Postby fishmonger » Mon Apr 06, 2009 8:45 am

followup on the Nikon scanners - I just spent a weekend testing a friend's 4000 ED, which is very much like the V model with the ability to use a stack feeder. From what I gather online, the 5000 ED is about twice as fast, but otherwise very similar.

Well, I'm glad I got this loaner to see for myself, because I am suddenly not so sure about getting a Nikon scanner:

reasons:

a) Nikon software awkward compared to Polaroid Insight. Vuescan is better, but had the same problems with asquisition I had in the Nikon software.

b) image quality: 4000 dpi makes no difference in image detail. All you get is more grain, even on Velvia. In turn you need to run the slow GEM process to cut down the grain. Cropping at full resolution for detail information shows that the 2700dpi Polaroid retains just as much information as the Nikon, at half the file size.

c) highlight bleed on the Nikon - any high contrast area will bleed a halo of light into the dark areas. I cleaned the mirror of the Nikon (difficult procedure, search online for instructions) to make sure it wasn't dust on the mirror as some folks post online. It is not.
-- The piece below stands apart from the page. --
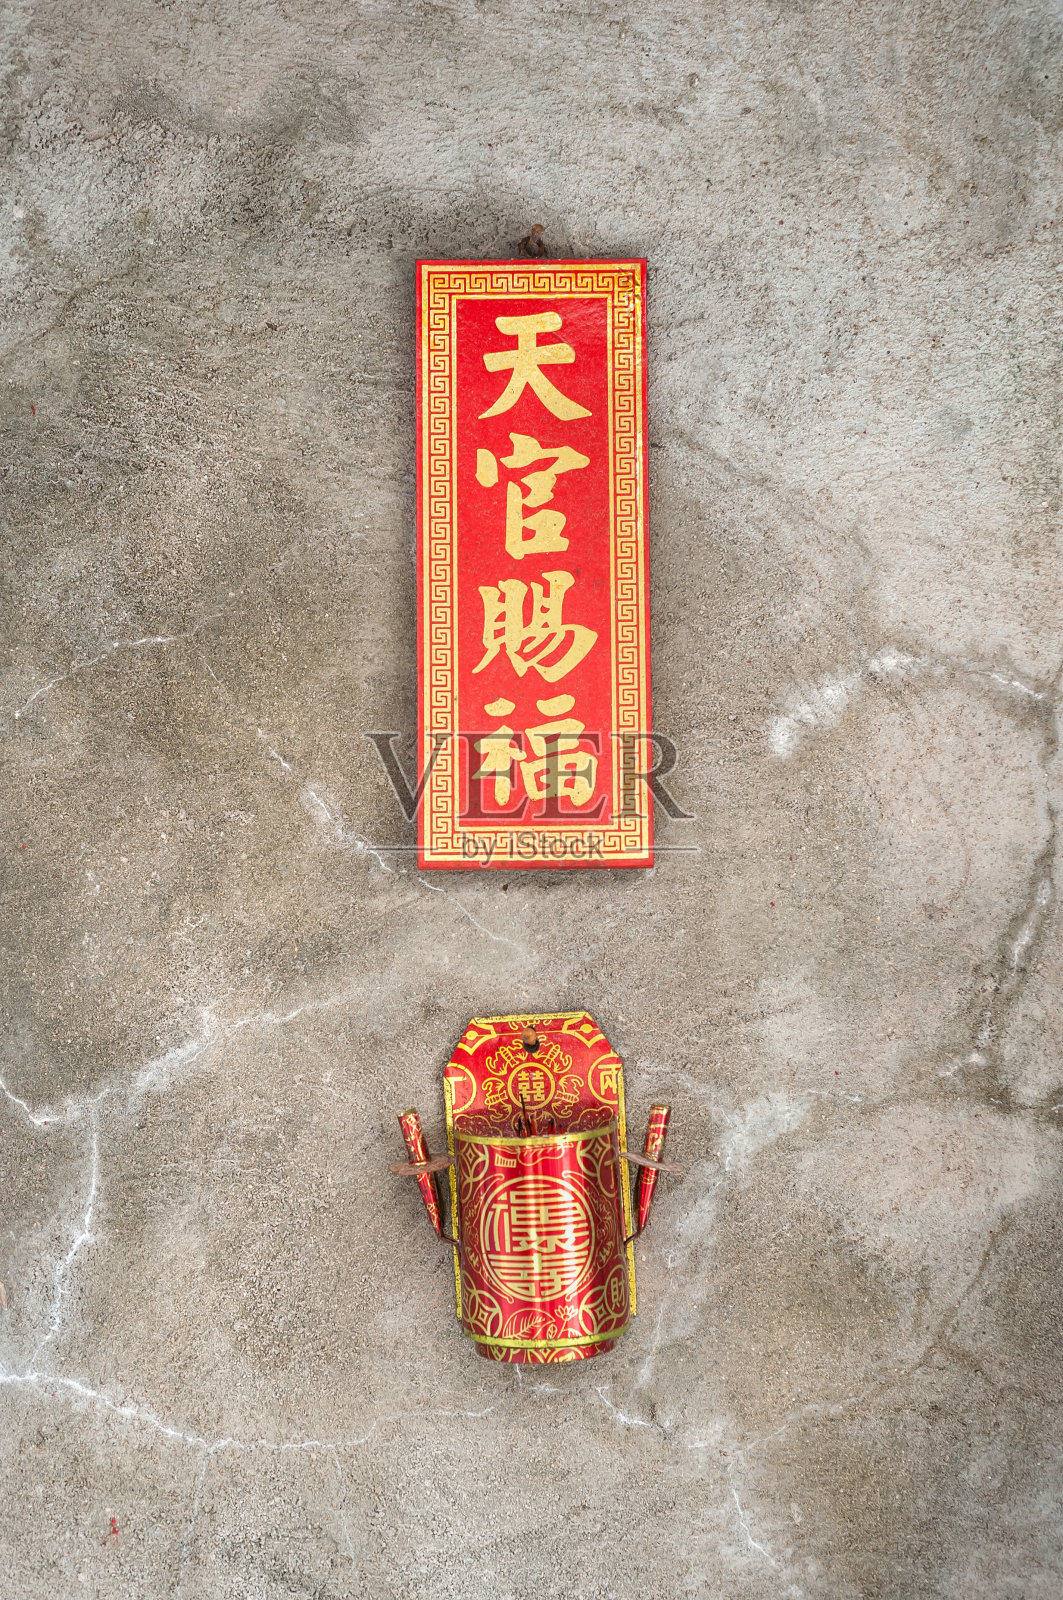 天官神龛挂在香港的一堵墙上照片摄影图片

Completely unacceptable image quality, and extremely difficult to fix in Photoshop.

d) speed - my Polaroid gets a scan done in less than 40 seconds at full rez, which is more than twice as fast as the Nikon even without any of the multisampling options (which made no difference in addressing the problems I had with light bleed)

c) occasional complete failure to scan anything like the original - the first few slides I scanned came out with zero red channel information. This went away after inserting the neg strip holder, but came back after power up. Could not get rid of it the second time and eventually packed the scanner in the box and put my Polaroid back on the desk.

The good stuff:

when the 4000ED actually worked, the colors of the sky especially seemed to come out better than on the Polaroid. The shadow detail is slightly better, but that only works well on slides that have no major highlights at the same time, since those will cast a halo over the entire shadow area.
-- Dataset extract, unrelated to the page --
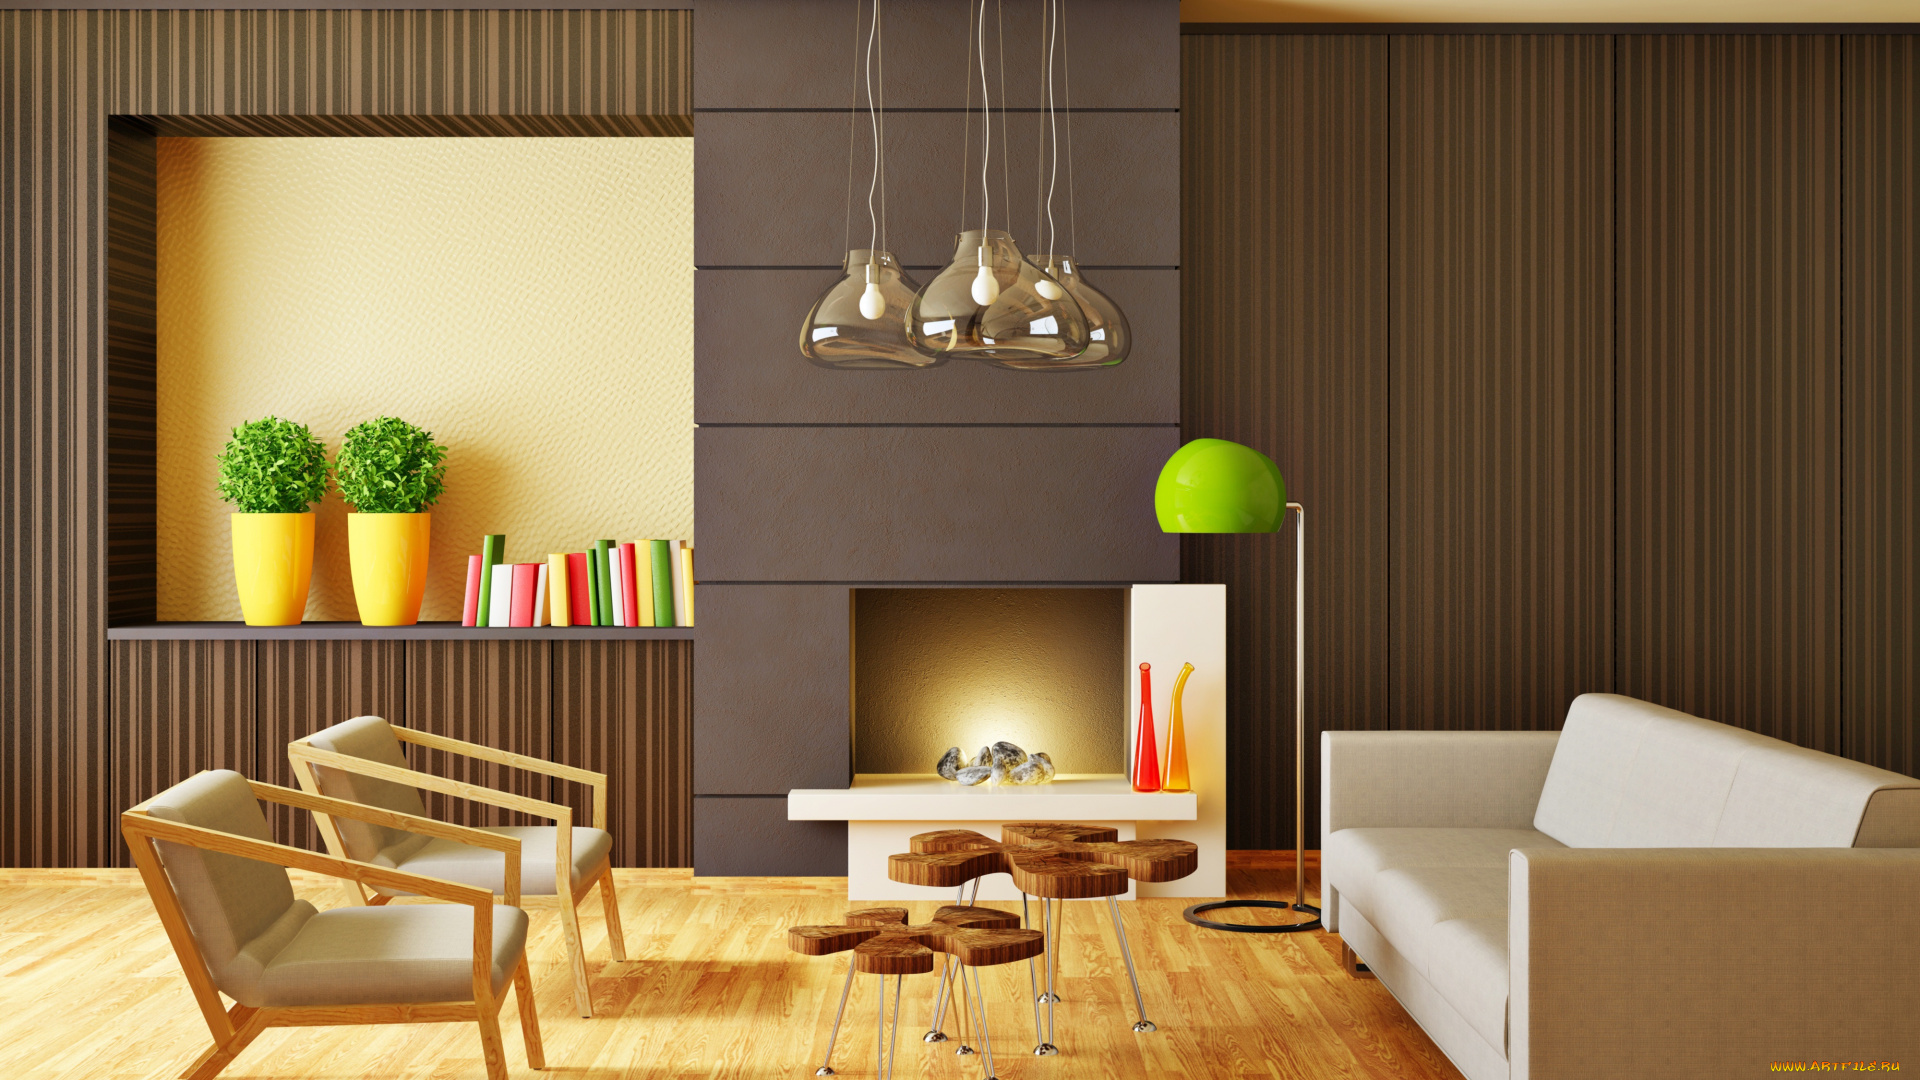 3д, графика, реализм, , realism, мебель, интерьер, гостиная, room, interior, modern, stylish

ICE is nice - dust and scratch removal clearly work very well with this enabled. It's just that you are trading the cleanup time in photoshop for images that just don't look right, or in some cases are completely useless due to massive light cast across shadow areas.

was the 4000 ED that I tested broken? Again, I see a lot of people posting about the light bleed issue and it seems to be something all Nikon Scanners show. I recall seeing it on some older models as well. Focus issues seem to be another story, while the Sprintscan doesn't have that problem due to a very different imaging technology.
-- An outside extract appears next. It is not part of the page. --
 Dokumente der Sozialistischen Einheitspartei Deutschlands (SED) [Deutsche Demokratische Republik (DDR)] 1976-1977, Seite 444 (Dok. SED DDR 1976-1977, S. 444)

Bottom line for me - since I have a Sprintscan 35 Plus that works well for me, I am not going to risk $1000 for a 5000 ED to realize that it has the same problems I see with the 4000 ED loaner.

Some examples:

Nikon 4000 ED
http://didnt.doit.wisc.edu/outdoor/gallery/JMT1990/Day%2007/slides/514_middle_palisade_4000.jpg

Sprintscan 35 Plus
http://didnt.doit.wisc.edu/outdoor/gallery/JMT1990/Day%2007/slides/514_middle_palisade.jpg

Sky color more natural in the Nikon scan, but the halo cast of light over the entire foreground destroys the contrast there.


Low light performance

Nikon 4000 ED
http://didnt.doit.wisc.edu/outdoor/gallery/JMT1990/Day%2006/slides/508_the_show_is_fading_4000.jpg

Polaroid Sprintscan 35 Plus
http://didnt.doit.wisc.edu/outdoor/gallery/JMT1990/Day%2006/slides/508_the_show_is_fading.jpg

The color bleed on the Nikon is quite pronounced - looking at the original slide, the dark foreground in the Polaroid scan is much closer to the original, although it loses quite some detail in the darks, too. The Nikon scan may look appealing and warm, but that's not what is on the original slide.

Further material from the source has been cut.